Integration in connection with an acquisition is sometimes difficult, and there is a risk that integrating the two entities may take more time and resources than the Company expects. The Company’s ability to successfully integrate First Market Bank depends in large part on the ability of members of the Company’s board, including its three new members, to work together effectively. The Company is governed by a board of directors comprised of twelve directors, of which three are former directors of First Market Bank, James E. Ukrop, Steven A. Markel, and David J. Fairchild. Mr. Fairchild is also serving as president of the Company. Disagreements among board members of the Company could arise in connection with integration issues, strategic considerations and other matters. As a result, there is a risk that the Company’s board of directors may not be able to operate effectively, which would affect adversely its ability to integrate successfully the operations of the Company and First Market Bank.

Combining the Company and First Market Bank may be more difficult, costly or time-consuming than the Company expects.

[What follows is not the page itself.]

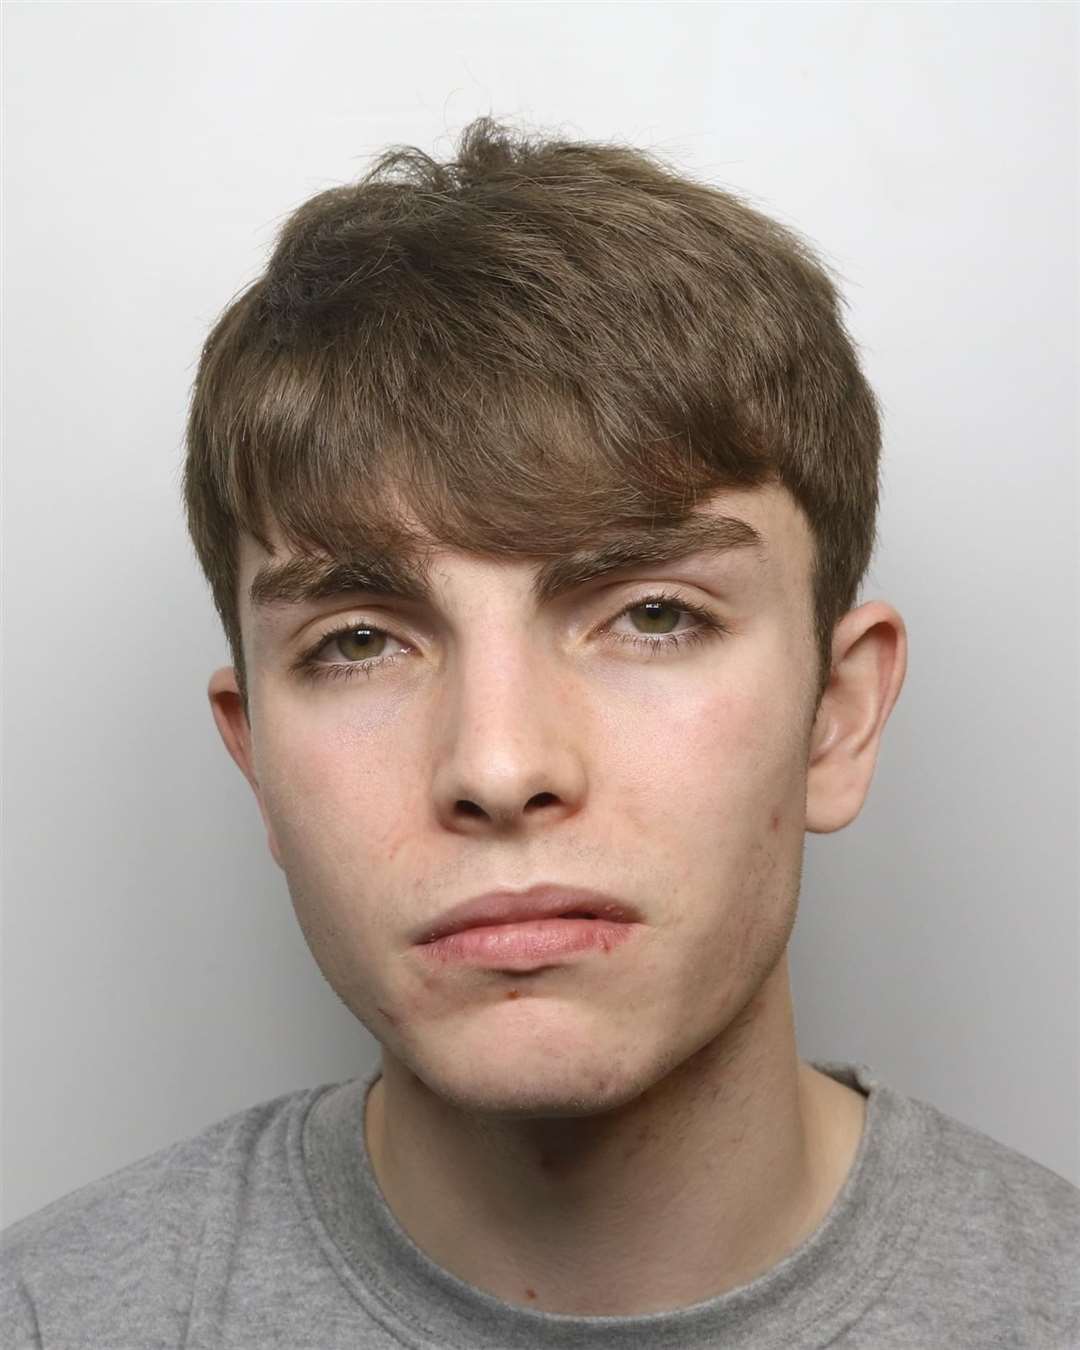 Thomas Griffiths was 17 when he murdered schoolgirl Ellie Gould in Calne, Wiltshire (Wiltshire Police/PA)

Until the completion of the acquisition of First Market Bank on February 1, 2010, the Company and First Market Bank operated independently. The integration process post-acquisition may result in the loss of key employees, the disruption of the Company’s ongoing business and inconsistencies in standards, controls, procedures and policies that affect adversely the Company’s ability to maintain relationships with customers and employees or achieve the anticipated benefits of the acquisition. As with any merger of financial institutions, there also may be disruptions that cause the Company to lose customers or cause customers to withdraw their deposits from the Company’s banking subsidiaries, or other unintended consequences that could have a material adverse affect on the business and earnings of the Company.

The future operating performance of the Company will depend, in part, on the success of the merger of its two largest subsidiary banks, First Market Bank and Union Bank.

The Company expects to merge Union Bank and First Market Bank to form Union First Market Bank in the first quarter of 2010. The success of this merger will depend on a number of factors, including: the Union First Market Bank’s ability to (i) integrate the operations and branches of First Market Bank and Union Bank; (ii) retain the deposits and customers of First Market Bank and Union Bank; (iii) control the incremental increase in noninterest expense arising from the merger in a manner that enables the bank to improve its overall operating efficiencies; and (iv) retain and integrate the appropriate personnel of First Market Bank and Union Bank into the operations of Union First Market Bank, and reduce overlapping bank personnel. The integration of First Market Bank and Union Bank will require the dedication of the time and resources of the banks’ management, and may temporarily distract management’s attention from the day-to-day business of the banks. If the integration is unsuccessful, Union First Market Bank may not be able to realize expected operating efficiencies and eliminate redundant costs.

A significant majority of First Market Bank branches are located in Ukrop’s Super Markets’ grocery stores and the recent sale of Ukrop’s Super Markets could aversely affect the business of those branches.

On February 8, 2010, Royal Ahold N.V., a Netherlands company and international group of leading supermarket companies based in the United States and Europe, announced that Giant-Carlisle, a division of Ahold USA, had acquired Ukrop’s Super Markets. Twenty-four of First Market Bank’s thirty-eight branches are located in Ukrop’s Super Markets’ grocery stores. The sale will result in the rebranding of Ukrop’s Super Markets and changes in various operational aspects of the business. These changes may or may not be widely accepted by Ukrop’s Super Markets’ grocery stores’ current customers. If business declines in the grocery stores, First Market Bank customers may no longer find the grocery store branch locations to be convenient, which could have a materially adverse effect on the earnings of the First Market Bank branches.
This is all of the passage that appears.